# Journeyman Exam Training in Miami, FL



## Colorado Fatboy (Apr 25, 2009)

jaojalvo said:


> I'm looking for a small class to help me pass the journeyman exam for Miami-Dade. I took the Mike Holt class but would like a smaller class (less than 10 participants).
> 
> Anyone knows if this exists in Miami?
> 
> Any other suggestions to help me pass the exam would be helpful (online classes or particular study guides).


I recently got my JW license here in CO. I went to a class that was 2 days long. Probably 40ppl in there. The class came with an awesome workbook. After working my way through the book I started doing every practice test I could find. I passed, first time taking the test. However I spent a LOT of time studying. It was 10 weeks from the class until the day I tested. Take any and all free time you have and study. Even if it's only 15mins. The thing is there is no substitute for spending the time studying. Keeping study sessions under an hour is a good idea too. Hope that helps. Good luck!


----------



## Colorado Fatboy (Apr 25, 2009)

Here are some links to help you too: Some of this stuff is 2008 but it's still good. I used a lot of 2008 practice tests myself. Don't worry if they say Journeyman or Master on the practice stuff. Basically all the same questions.

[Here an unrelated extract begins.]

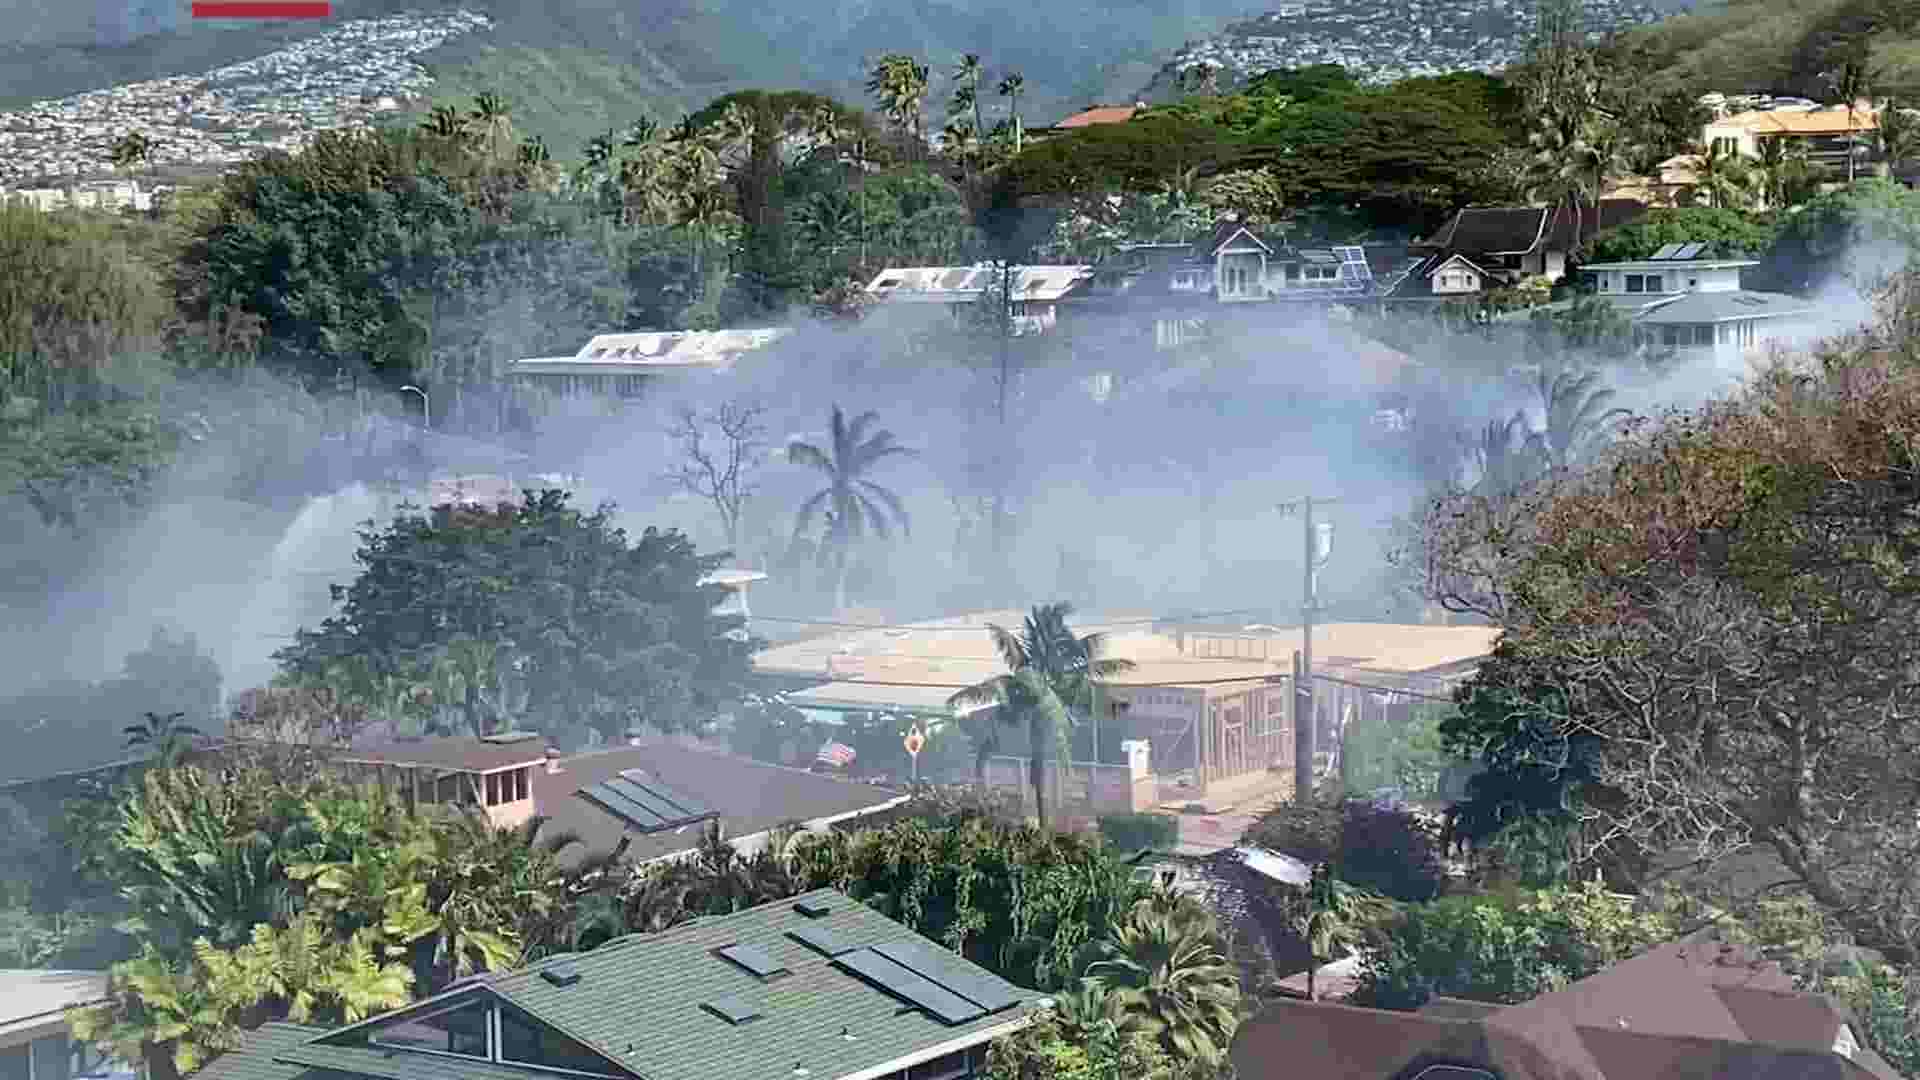 Two police officers killed in Hawaii shooting Sunday1920 x 1080

http://www.electrician2.com/vdrv11practice/rvframehol.htm

http://www.mikeholt.com/freestuff.php?id=freegeneral


----------



## Electron_Sam78 (Feb 26, 2010)

Colorado Fatboy said:


> I recently got my JW license here in CO. I went to a class that was 2 days long. Probably 40ppl in there. The class came with an awesome workbook. After working my way through the book I started doing every practice test I could find. I passed, first time taking the test. However I spent a LOT of time studying. It was 10 weeks from the class until the day I tested. Take any and all free time you have and study. Even if it's only 15mins. The thing is there is no substitute for spending the time studying. Keeping study sessions under an hour is a good idea too. Hope that helps. Good luck!


 
Are these tests usually open book with the NEC portion?


----------



## Colorado Fatboy (Apr 25, 2009)

Electron_Sam78 said:


> Are these tests usually open book with the NEC portion?



Yes they are.


----------